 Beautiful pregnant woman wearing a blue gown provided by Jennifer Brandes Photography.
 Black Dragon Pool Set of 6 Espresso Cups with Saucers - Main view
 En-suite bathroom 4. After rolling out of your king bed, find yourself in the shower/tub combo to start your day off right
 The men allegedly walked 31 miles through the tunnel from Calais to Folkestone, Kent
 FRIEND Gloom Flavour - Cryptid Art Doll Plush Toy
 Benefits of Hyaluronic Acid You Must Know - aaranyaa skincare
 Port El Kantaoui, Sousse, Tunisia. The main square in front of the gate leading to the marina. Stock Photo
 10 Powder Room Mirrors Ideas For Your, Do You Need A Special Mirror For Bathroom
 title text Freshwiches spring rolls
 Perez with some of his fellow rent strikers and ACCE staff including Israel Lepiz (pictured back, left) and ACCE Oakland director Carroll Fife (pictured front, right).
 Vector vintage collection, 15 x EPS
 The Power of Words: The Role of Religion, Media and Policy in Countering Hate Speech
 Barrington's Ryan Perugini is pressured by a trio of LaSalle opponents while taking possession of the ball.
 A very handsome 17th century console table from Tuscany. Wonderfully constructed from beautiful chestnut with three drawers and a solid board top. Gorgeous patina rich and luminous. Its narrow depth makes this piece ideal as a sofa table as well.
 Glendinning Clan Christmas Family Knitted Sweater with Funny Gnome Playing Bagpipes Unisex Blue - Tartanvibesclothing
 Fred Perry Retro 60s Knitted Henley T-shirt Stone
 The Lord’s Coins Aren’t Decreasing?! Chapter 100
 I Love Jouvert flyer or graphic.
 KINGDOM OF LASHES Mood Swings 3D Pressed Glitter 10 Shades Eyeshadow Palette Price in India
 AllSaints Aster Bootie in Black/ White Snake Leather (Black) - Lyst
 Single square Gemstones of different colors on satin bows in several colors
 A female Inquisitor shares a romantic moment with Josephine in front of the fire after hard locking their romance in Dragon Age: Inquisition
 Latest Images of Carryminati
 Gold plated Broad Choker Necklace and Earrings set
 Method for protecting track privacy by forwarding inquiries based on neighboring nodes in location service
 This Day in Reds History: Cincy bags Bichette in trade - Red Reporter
-------
Could you restate word for word the lines above, from the one that contains "Barrington's Ryan Perugini" through the one that contains "Method for protecting", and no others?

#### [Task output]
 Barrington's Ryan Perugini is pressured by a trio of LaSalle opponents while taking possession of the ball.
 A very handsome 17th century console table from Tuscany. Wonderfully constructed from beautiful chestnut with three drawers and a solid board top. Gorgeous patina rich and luminous. Its narrow depth makes this piece ideal as a sofa table as well.
 Glendinning Clan Christmas Family Knitted Sweater with Funny Gnome Playing Bagpipes Unisex Blue - Tartanvibesclothing
 Fred Perry Retro 60s Knitted Henley T-shirt Stone
 The Lord’s Coins Aren’t Decreasing?! Chapter 100
 I Love Jouvert flyer or graphic.
 KINGDOM OF LASHES Mood Swings 3D Pressed Glitter 10 Shades Eyeshadow Palette Price in India
 AllSaints Aster Bootie in Black/ White Snake Leather (Black) - Lyst
 Single square Gemstones of different colors on satin bows in several colors
 A female Inquisitor shares a romantic moment with Josephine in front of the fire after hard locking their romance in Dragon Age: Inquisition
 Latest Images of Carryminati
 Gold plated Broad Choker Necklace and Earrings set
 Method for protecting track privacy by forwarding inquiries based on neighboring nodes in location service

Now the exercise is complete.